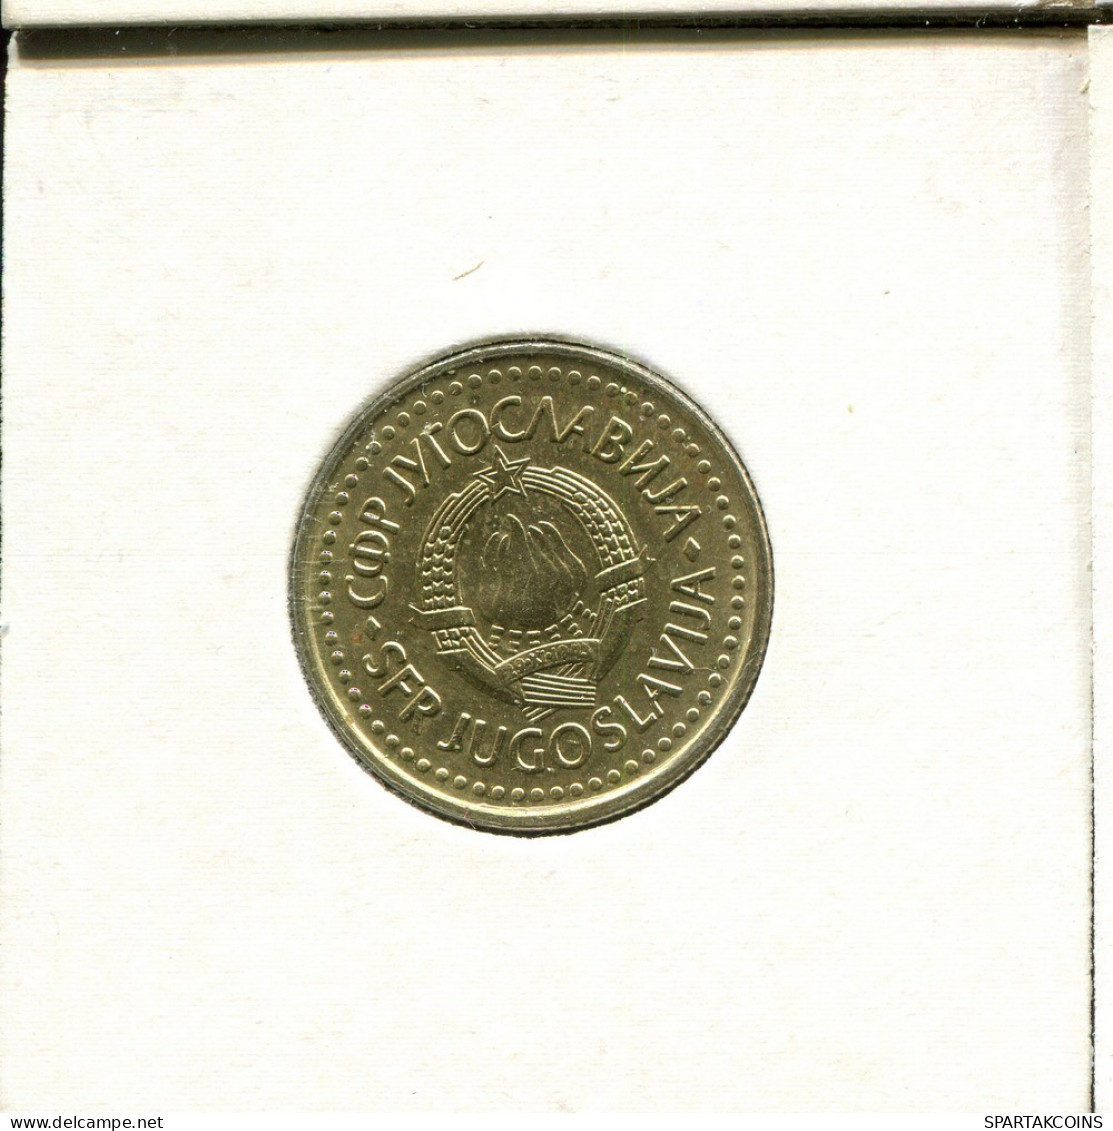 2 DINARA 1986 YUGOSLAVIA Coin #AV148.U.A - Joegoslavië
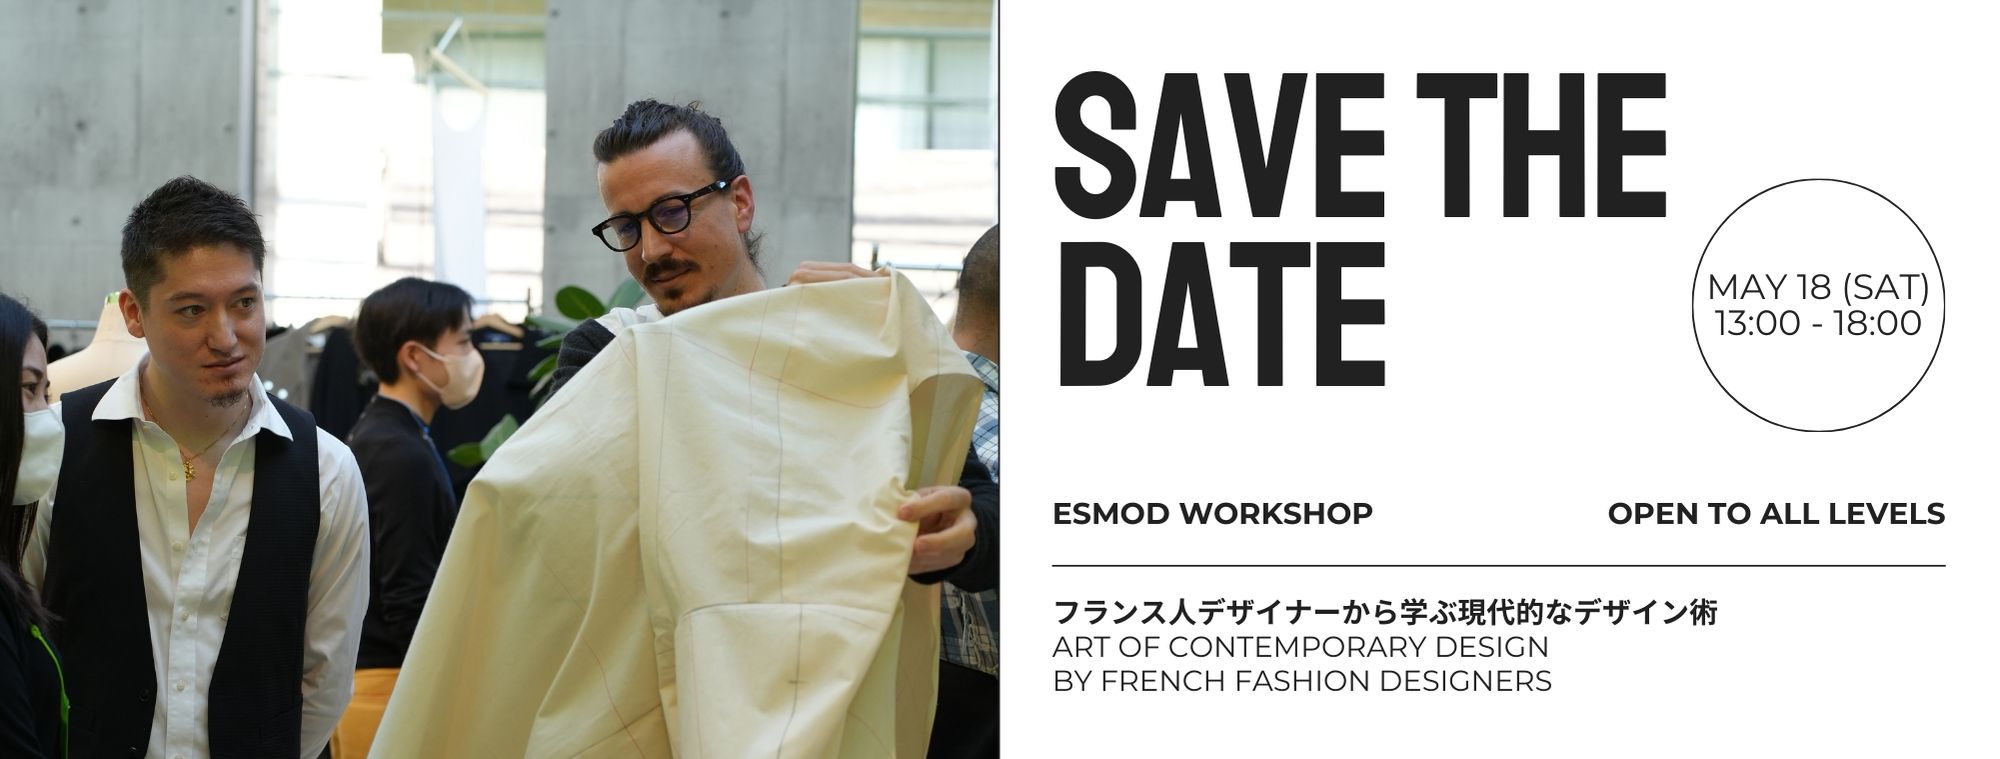 エスモード・東京校 【ESMOD WORKSHOP】フランス人デザイナーから学ぶ現代的なデザイン術
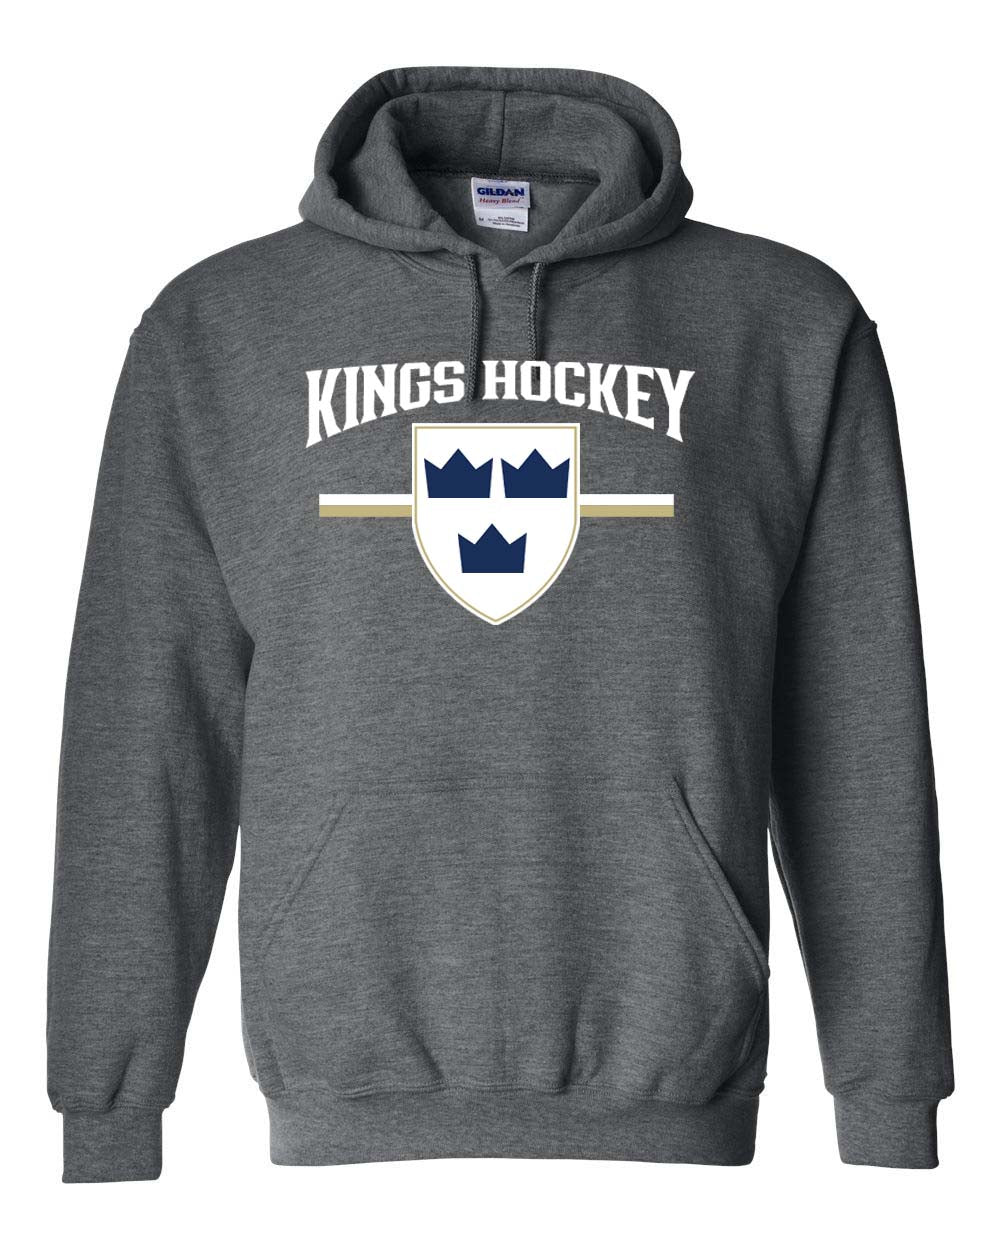 Kings Hockey Design 5 Hooded Sweatshirt
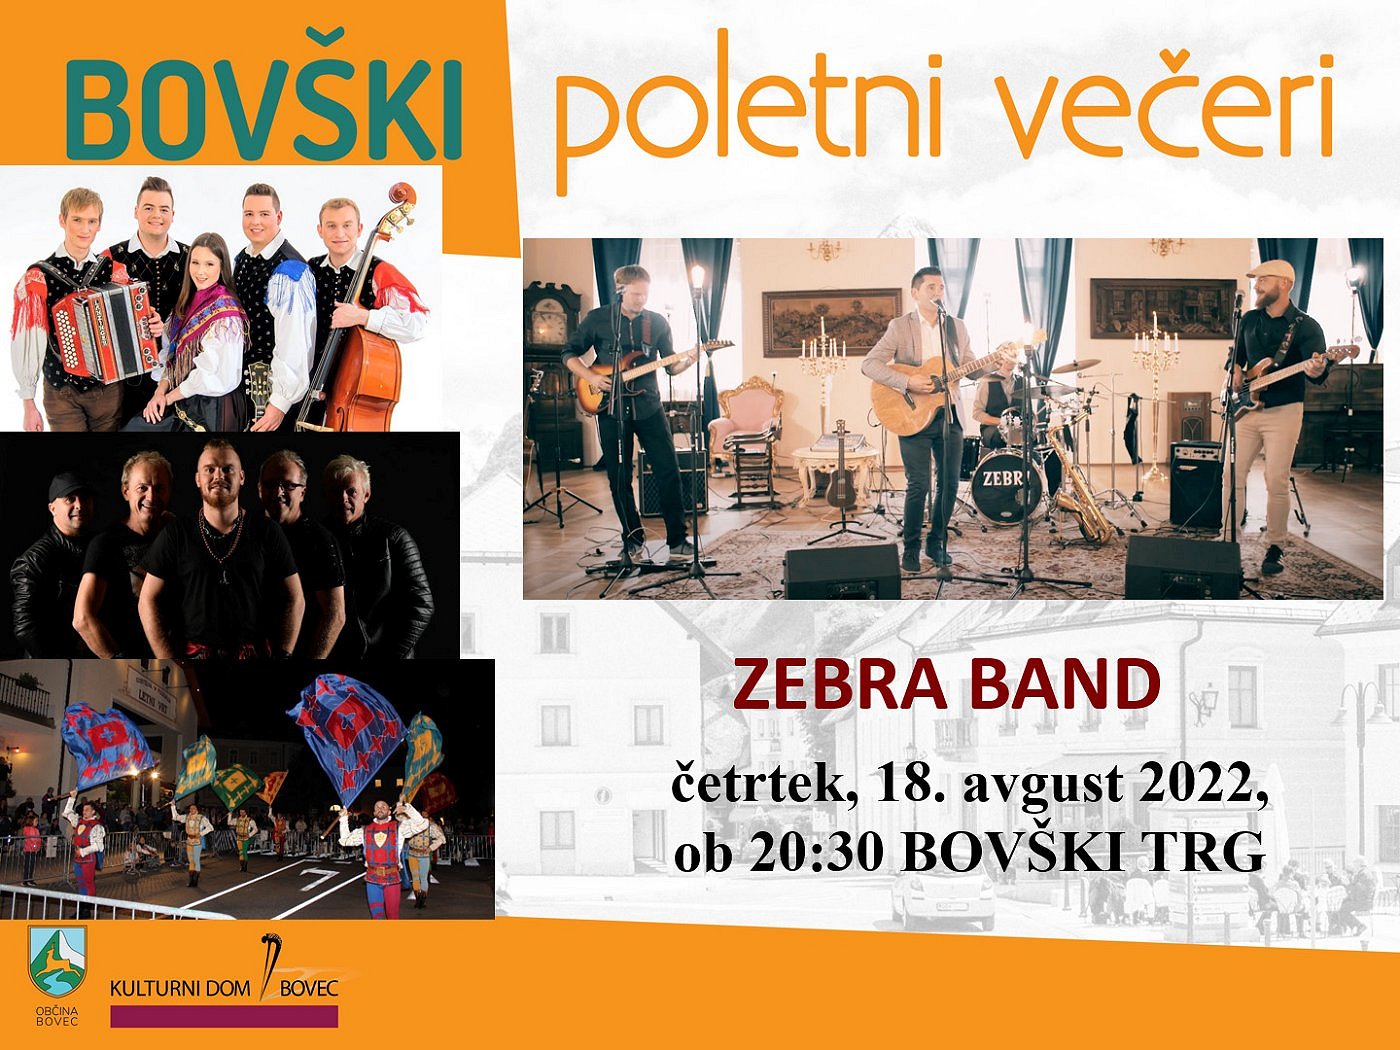 Bovški poletni večeri 2022 - Zebra band

######

### Task goal
Exclude all images and retype the data precisely.

### Response to the task
 2 DINARA 1986 YUGOSLAVIA Coin #AV148.U.A - Joegoslavië
 エスモード・東京校 【ESMOD WORKSHOP】フランス人デザイナーから学ぶ現代的なデザイン術
 Kings Hockey Design 5 Hooded Sweatshirt
 Bovški poletni večeri 2022 - Zebra band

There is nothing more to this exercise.